On September 11, 2001, I was visiting Israel for a work trip and my mother in New York was worried about me as I spent the day with friends in the settlements, insisting that I call her the minute I arrive back to my Tel Aviv Hotel. I will never forget walking into my hotel, turning on the TV and seeing the “news alert” about 9-11, and calling my mother to make sure everyone was OK. Tragedy can hit anywhere, at any time.

My area on the Upper West Side wasn’t affected by Sandy, and today is our first day back to work although 5WPR, my PR firm, is in an office on 57th Street and 7th Avenue facing the crane you have all seen on the news.  Many New Yorkers weren’t as lucky — many of my co-workers remain without power, have lost belongings, have had their cars totaled, or experienced other major damage. The damage in NYC is real, palpable and something that has affected this city in a major way.
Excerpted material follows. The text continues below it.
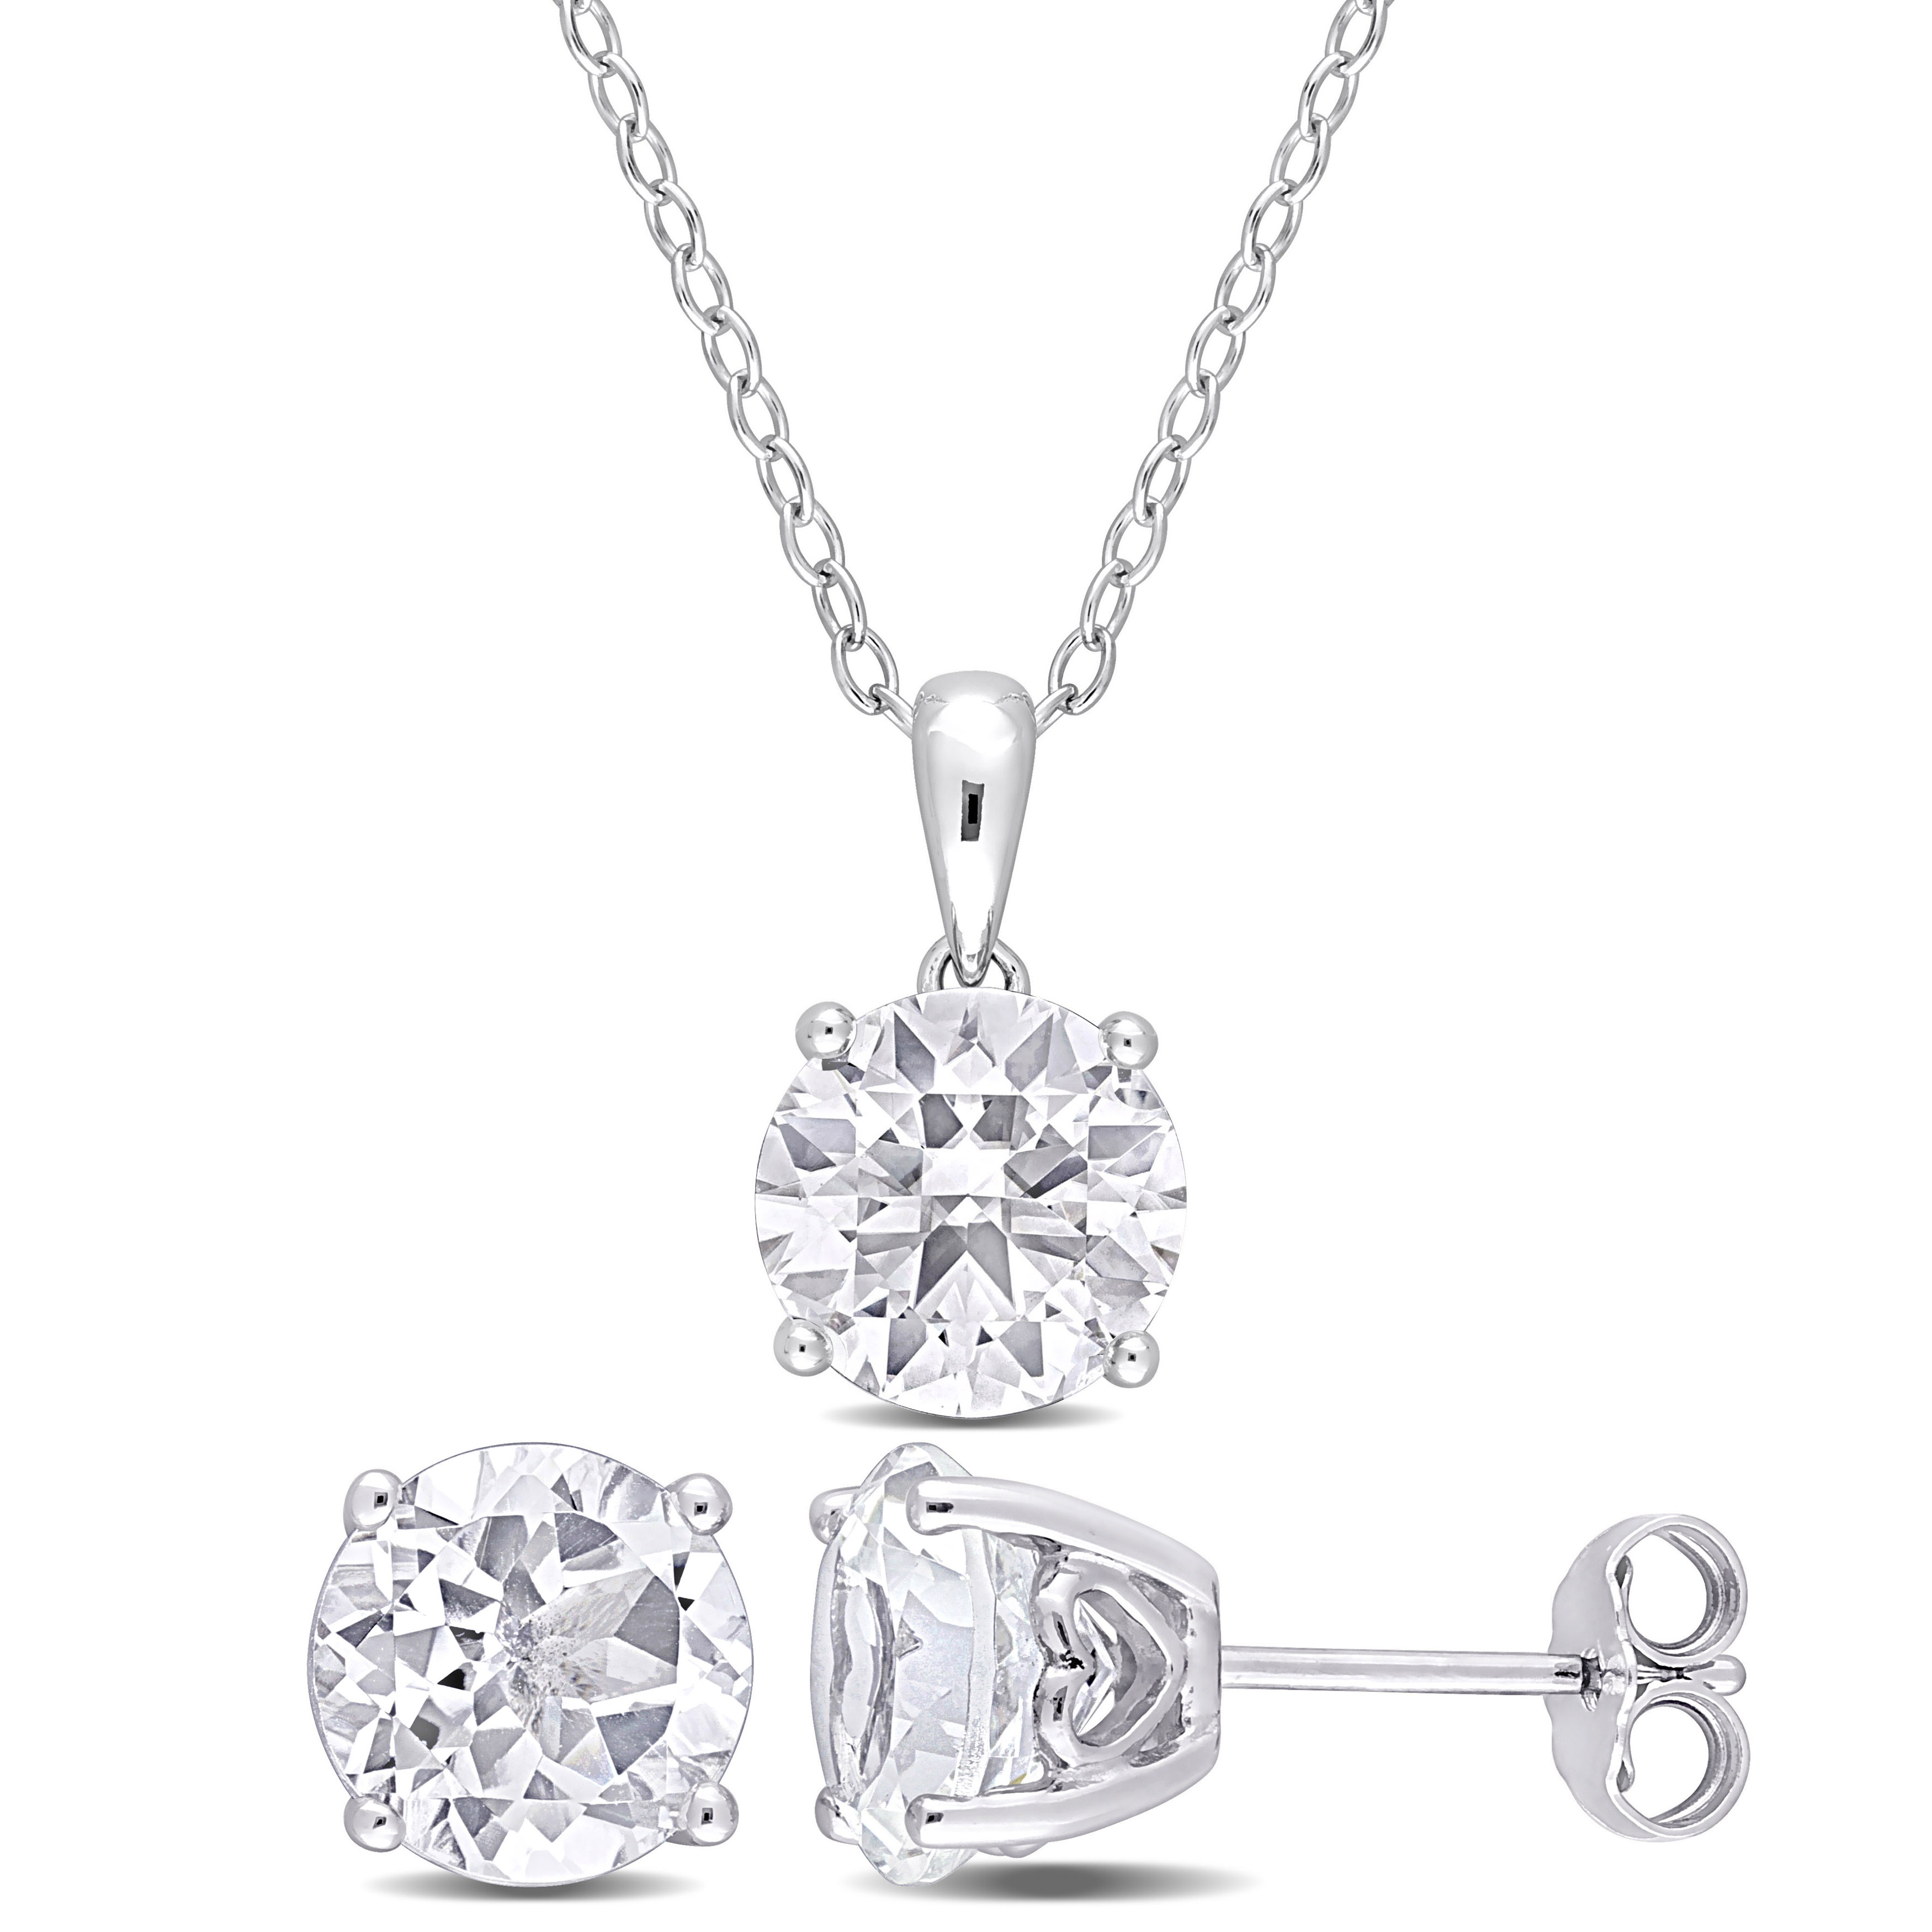 7 CT TGW White Topaz 2-Piece Set of Pendant with Chain and Earrings in Sterling Silver

A friend of mine whose home was destroyed – a tough Russian Jew who escaped Soviet Communism — emailed:

First time I cried in years. All my kids’ history, memories, all the tapes, pictures, videos destroyed. Every personal item I own destroyed.

Of course all I can offer him is that life needs to go on – and it will.  My office is working and forging forward and slowly life will undoubtedly return to normal – but this isn’t some over-hyped media occurrence.  New York, New Jersey and the entire East Coast have been affected in a major way.

Many Jewish institutions have been affected — Russian American Jewish Experience (RAJE), a Brighton Beach based charity I am on the board of — has had tremendous disruption and physical damage. The Brighton Beach Synagogue was flooded — the beit midrash (study hall), classrooms, hallways and elevator shaft were submerged in four feet of water.

The flooded beit midrash of the Brighton Beach Synagogue (photo credit: courtesy)

The flooded beit midrash of the Brighton Beach Synagogue (photo credit: courtesy)

The lower-level large room, which we call “the Moadon,” used by the first level program, was under as much as 12 feet or water at the height of the flood and is still flooded. There is no electricity, land-line phone service, Internet or cellular service in the neighborhood. We’re beginning cleanup efforts and are working to raise immediate emergency funds.

Hurricane Sandy caused tremendous damage in New York City, and the aftermath is something we will deal with as a city for a while. Israel offers so many lessons on recovering from tragedy that New Yorkers can learn from. Of course, New York will recover.